For example to implement a stack of characters in FORTRAN one might write:
SUBROUTINE PUSH(C)
COMMON /STACK/ISP,ST
CHARACTER C, ST(100)
ISP=ISP+1
ST(ISP)=C
RETURN
END
SUBROUTINE POP
COMMON /STACK/ISP
ISP=ISP-1
RETURN
END
FUNCTION TOP(DUMMY)
COMMON /STACK/ISP,ST(200)
CHARACTER TOP
TOP=ST(ISP)
RETURN
END
Can you find the bug?
In COBOL data and subprograms are either hidden (by CALLing a compiled
subprogram) or globally accessible in complicated and unpredictable
ways(PERFORM). The data and the procedures are widely separated in the code
making libraries harder to create.
For example, in the data division's working storage section one would
write:
01 STACK.
03 ST1.
05 TOP PIC X.
05 REST PIC X(99)
03 ST2 REDEFINES ST1.
05 TOP99 PIC X(99).
05 BOTTOM PIC X.
01 EXTRA. 03 XTRA PIC X(99).
and add to the procedure division:
PUSH. MOVE TOP99 TO EXTRA MOVE NEW TO TOP MOVE EXTRA TO REST.
POP. MOVE REST TO EXTRA MOVE EXTRA TO STACK.
During the 1960's it was unfashionable to design a language that catered for
independent compilation. The idea of 'module' at this time was a single
subprogram that could be included in a program. Pascal is a typical
example.
In Pascal there is no independent compilation and the only "module" is the
subprogram (procedure and/or function). The only way to add a new subprogram
to a Pascal program is to *include* its complete definition in the source code
of the program.
To use 'power' for instance, then (in the official Pascal) the source code for
the subprogram must be copied into the declarations of the client program.
For example, a stack might be defined by:
{Adding two new types:}
type stype=^snode;
snode=record top:char; rest:stype end;
{Adding a new variable:}
var stack:stype;
{Adding these subprograms:}
function top(s:stype):char;
begin top:=stack^.top;
end;
procedure push( c:char);
var n:stype;
begin new(n);
with n do begin top:=c; rest:=stack end;
stack:=n
end;
procedure pop;....
var old:stype;
begin
old=stack;
stack:=old^.rest;
delete old
end;
Notice that the pre-written subprograms that manipulate a stack refer to it
and so it is part of the client's declarations. Thus the client can do
anything with the stack - and so subvert the designer's assumptions.

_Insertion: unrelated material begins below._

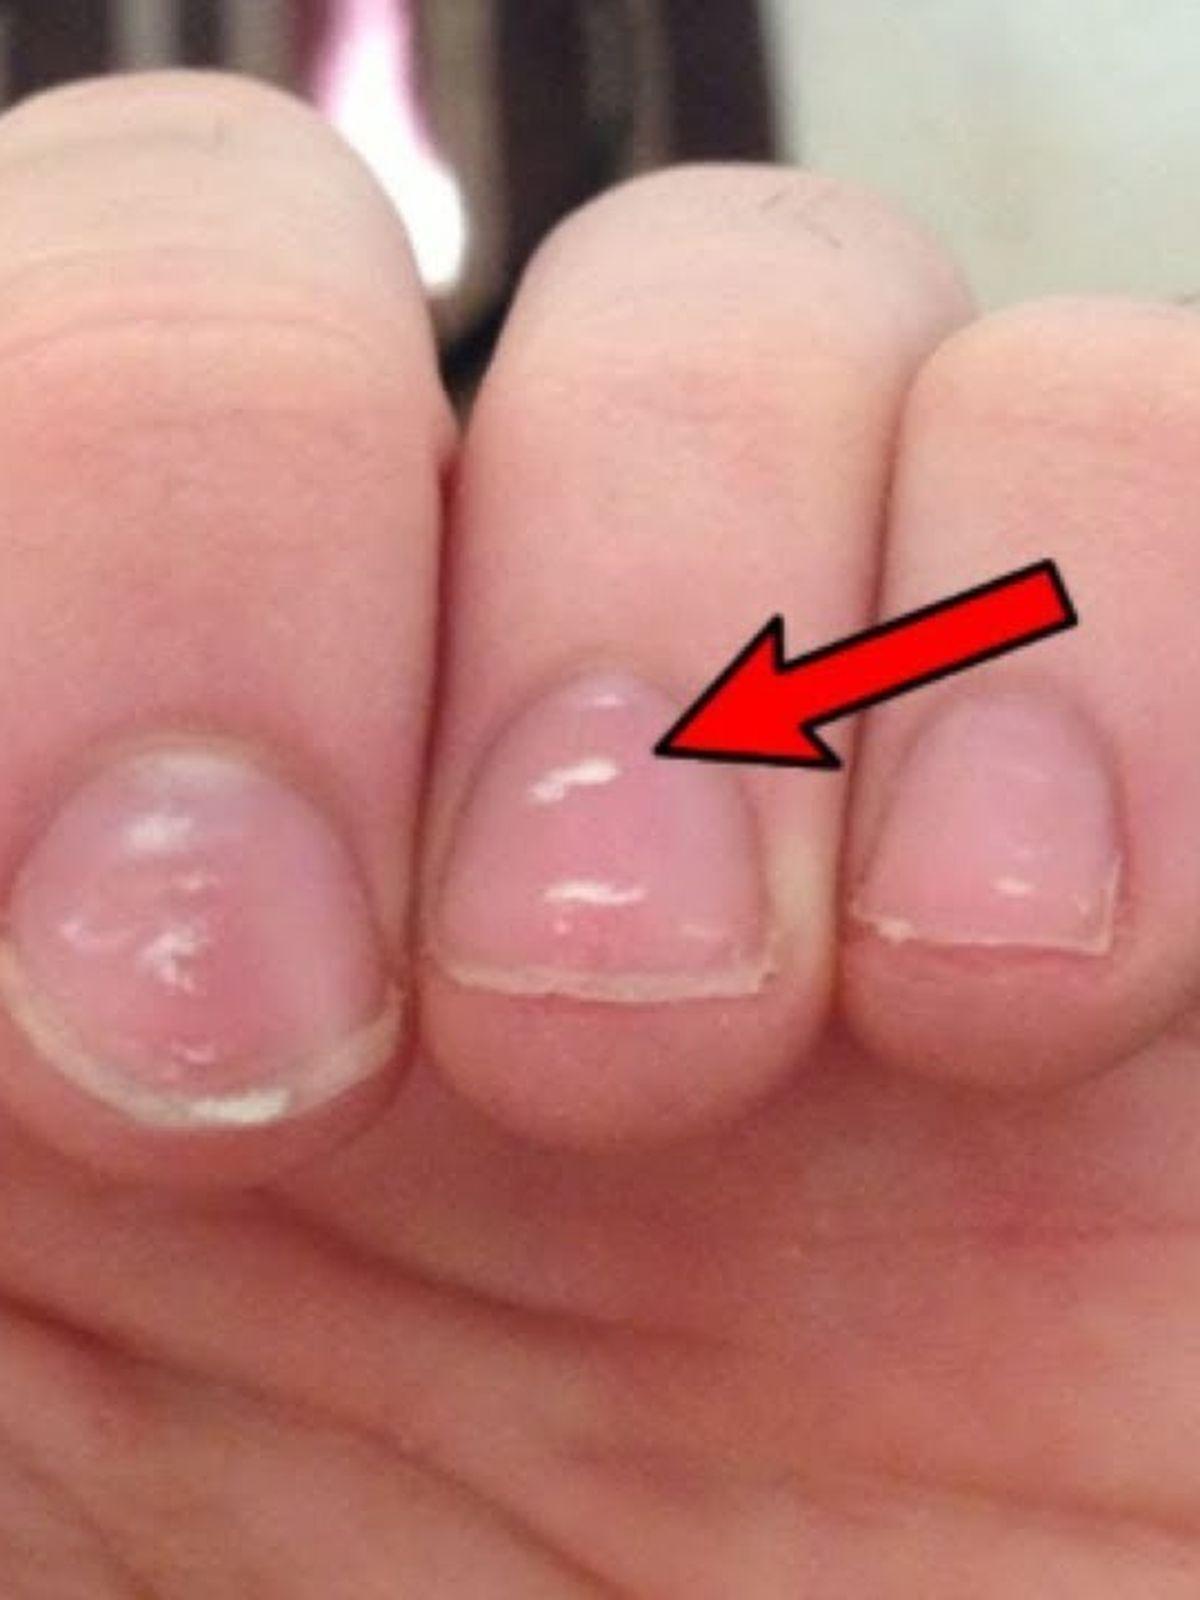 pierdere în greutate pete albe pe unghii

Modularization in Standard Pascal is less reliable as a result. This is
equally true of ALGOL 60, ALGOL 68 and BCPL. PL/I combined the features of
FORTRAN, COBOL and ALGOL and added nothing to the understanding of
modularization.
There has been research on 'modular' programming. Parnas published a key paper
that argued that designs that decompose programs into subprograms are
inherently harder to maintain than those where each data structure is placed
with the operations necessary to maintain it and with its design irrelevant to
the programmers using it.
http://www.acm.org/classics/
At the start of the 1970s C was being designed to support the independent
compilation of collections of variables and subprograms. Kernighan and Ritchie
make it clear that that this was seen as a better kind of module.
A C program consists of a set of separate files that are linked together after
compilation. The person who writes and compiles a given file has the freedom
to permit other programmers to refer to functions or variables or to hide
their names so that they can not be referred to by other programmers
(accept by modifying the code or using absolute addresses and the like).
Such a file can be compiled and the hidden names are removed from the
object file. Some function and variable names are left as labels of
addresses in that segment of code. These names can be linked with names
declared (but not defined) in another file. Kernighan and Ritchie give an
example.
For example a typical C program file (named stack.c) contains data storage and
operations for manipulating the data in a safe way.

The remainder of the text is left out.